Given the solid run that the gold industry has taken in recent years, many investors are starting to wonder just how long this run will go for.Talk about an ultra-marathon, the price of gold has had a steady increase for the past 10 years straight. With an increase of more than 400% since Y2K, gold is one of the most sought after investments in the market today. Gold investment strategies are commonly classified as a hedge that safeguards the investor’s portfolio from dollars that have seen a deflating value in recent years. Another great way to hedge against the sinking dollar is to invest in the equities of gold mining stocks. A company with a promising portfolio of gold claims with the assets still in the ground can be a way to leverage your dollars by betting on the completion of a profitable mining venture sometime in the near future.
Investors technically base their analysis through future projected earnings statements, resource estimate reports of assets still in the ground, and overall cost comparisons and feasibility studies. Thesefactors serve as guidelines towards speculating future share prices and company market capitalization. Great gold exploration projects do not escape the eyes of potential investors that are looking to make steep profits in this specific field.One key important factor in exploration and development of mining projects is location, location, location. Most experts would agree that a country within the European Union would be a promising location due to market stability, advanced infrastructure and roadways, and well maintained and servicedtrade routes.

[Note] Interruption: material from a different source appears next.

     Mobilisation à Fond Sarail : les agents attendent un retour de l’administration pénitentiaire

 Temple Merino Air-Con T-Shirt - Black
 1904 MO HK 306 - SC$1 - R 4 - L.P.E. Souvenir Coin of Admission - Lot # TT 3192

Today, Albania is a European country that offers good hope for sustainable growth in their economy. Gold mining companies such as Golden Touch Resources (GOT.V); are looking to experience large profits and increase their current market capitalization by advancing the exploration of Albania’s natural resource sector, most notably, for gold. Investing in the future of Golden Touch’s potential mines sites are one optionfor investors to leverage investment capital by investing in a company that seeks future profits from assets that are still in the ground.Mining & exploration companies like Golden Touch Resources aim to develop large mineral exploration projects into commercial sized producing mines thus ultimately making a profit from the sale of precious metals and elements to international buyers.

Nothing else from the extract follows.